Inefficient loss calculation in cached losses

Question

Inefficient loss calculation in cached losses

Marcel256 opened this issue 24 days ago · 2 comments

Hello, during my tests I discovered a problem with my PR to enable the combination of the Matryoshka loss and the cached losses (#3068 ). I moved the loss.backward() call out of the minibatch loop. Therefore, the function produces one big computation graph containing the loss calculation of all mini batches, which defeats the purpose of doing this computation in mini-batches. This drastically increases the memory consumption and can easily lead to out of memory errors. I am already working on a fix for this issue.
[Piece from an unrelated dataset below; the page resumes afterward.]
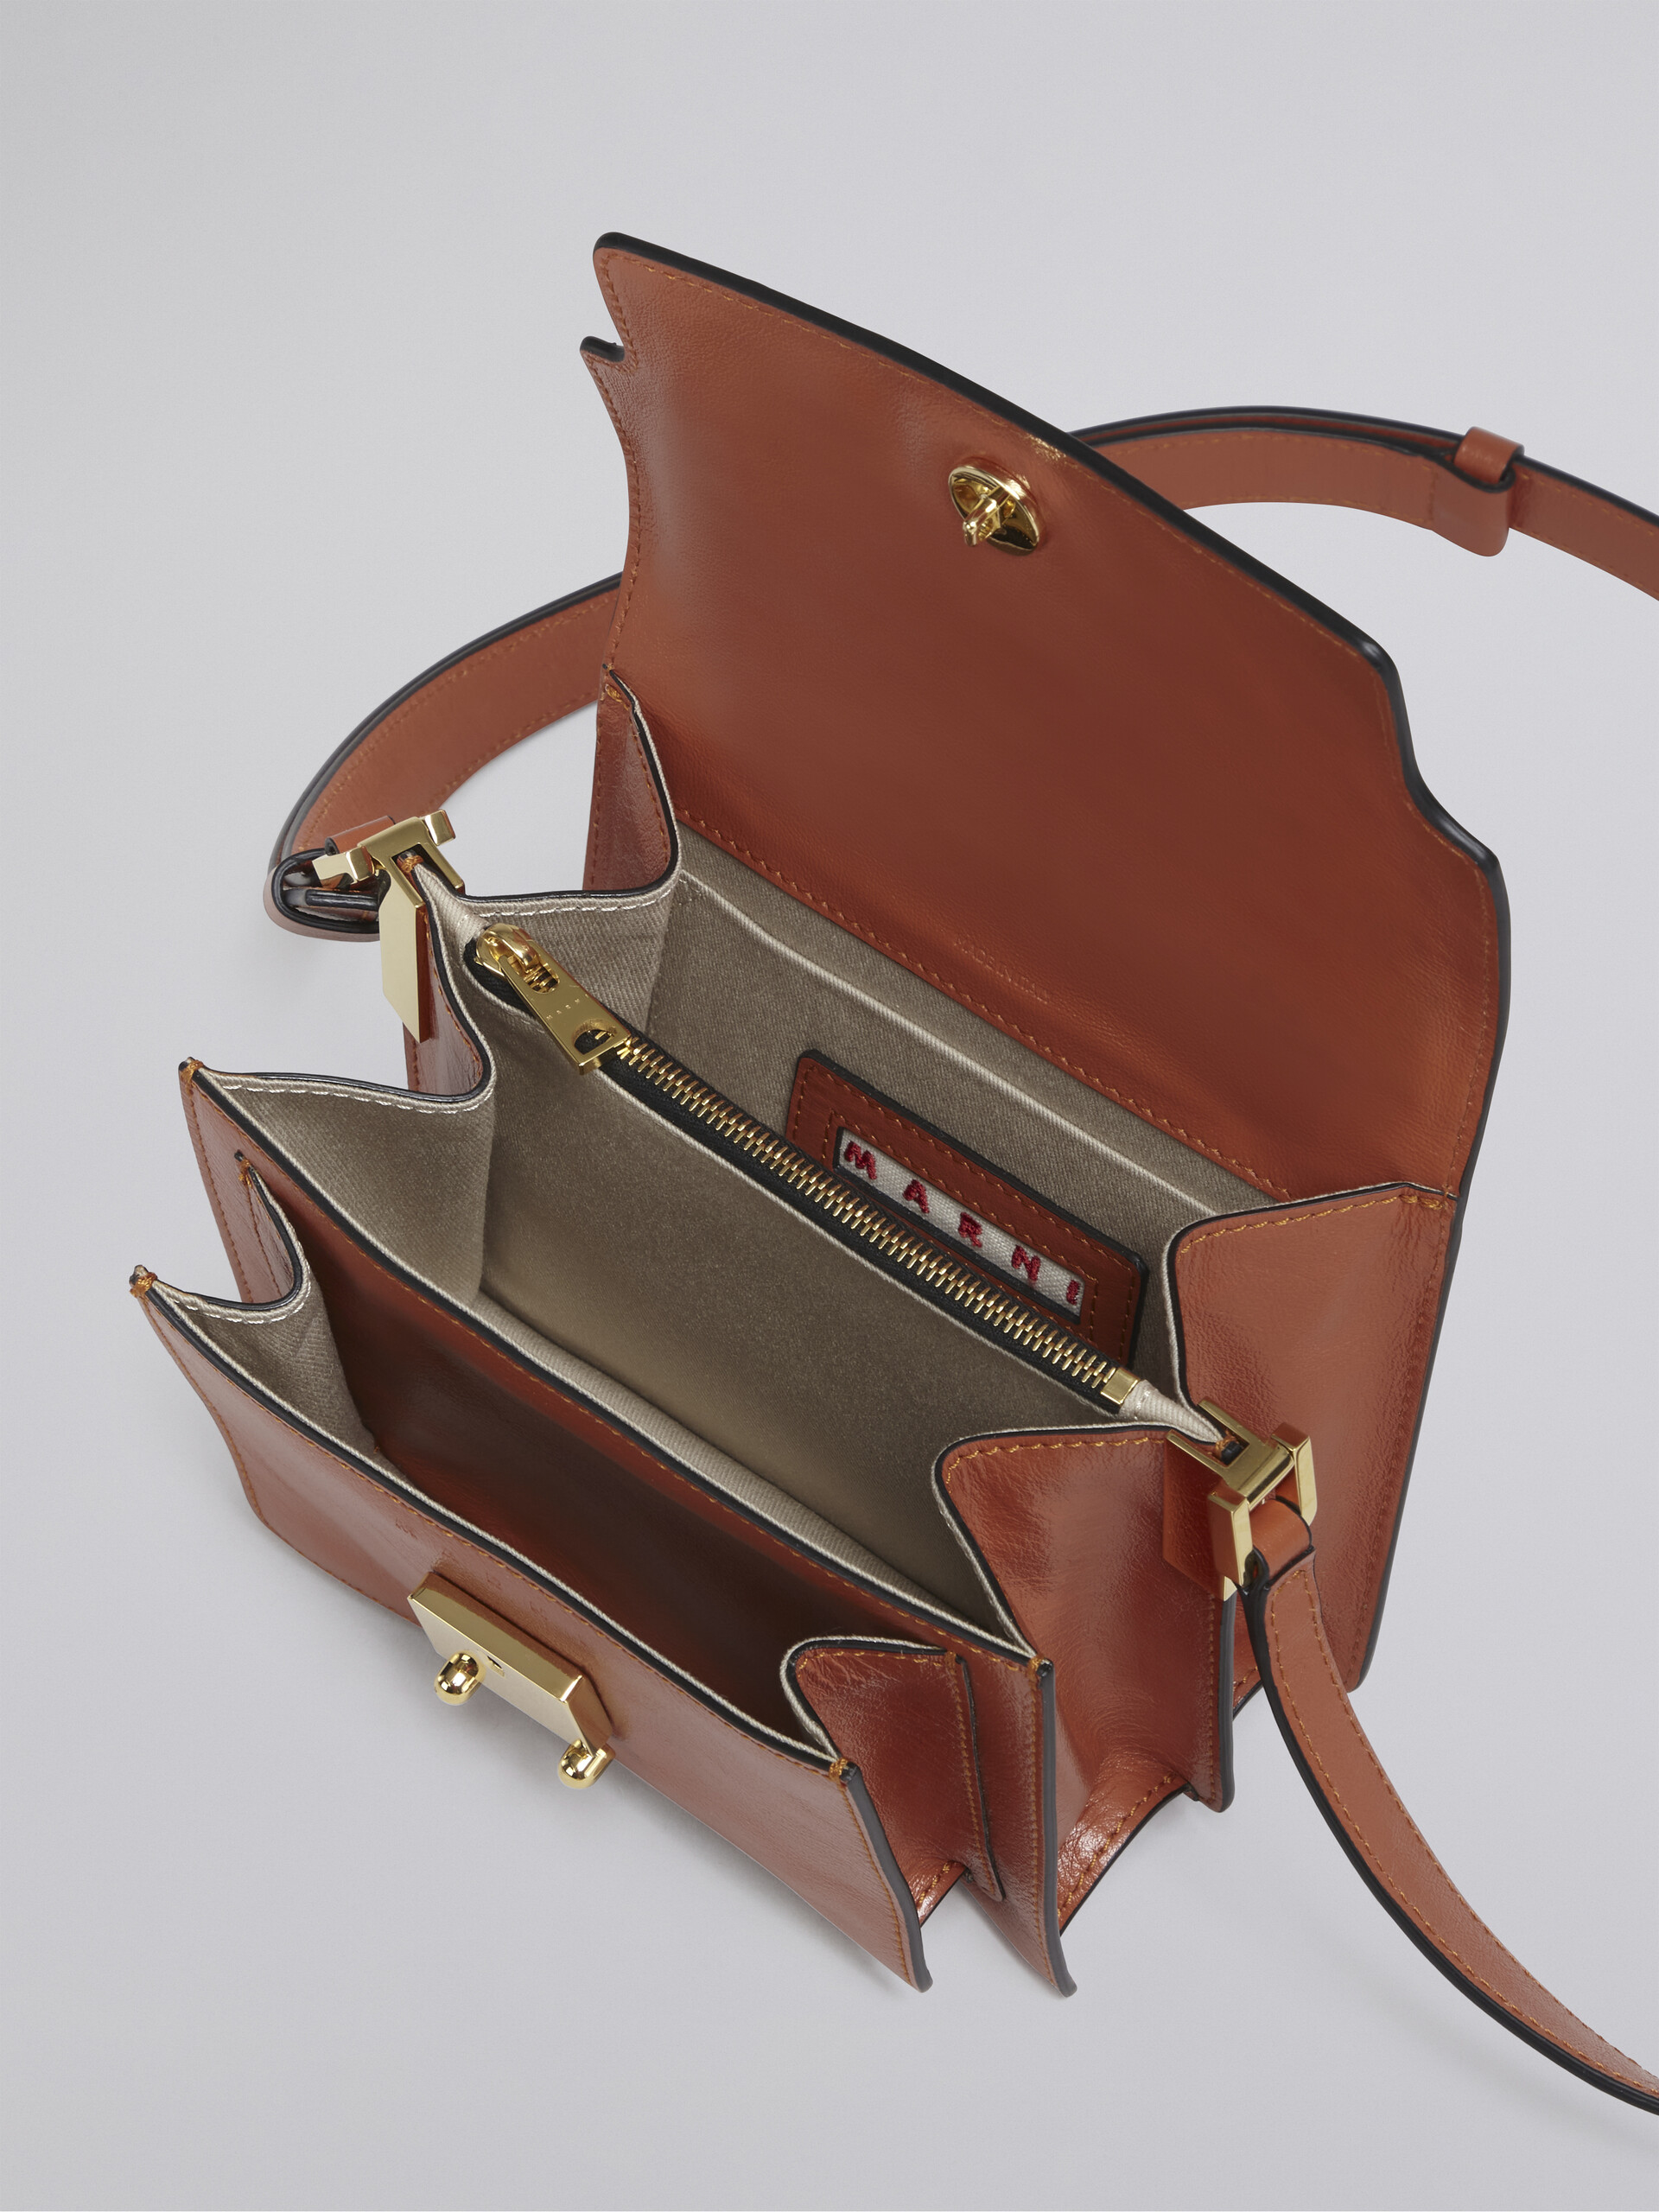 TRUNK SOFT bag mini in pelle marrone - Borse a spalla - Image 4

I am sorry for any inconvenience this will cause.

Answer 1 · 2024-12-02T14:04:46.000Z

Well spotted, thank you @Marcel256. I didn't see this when I was reviewing, I thought the removed section in calculate_loss_and_cache_gradients was identical to the section in calculate_loss. Perhaps we can add a parameter to calculate_loss whether the backward should be called in minibatch or not, although I'll gladly await your fix.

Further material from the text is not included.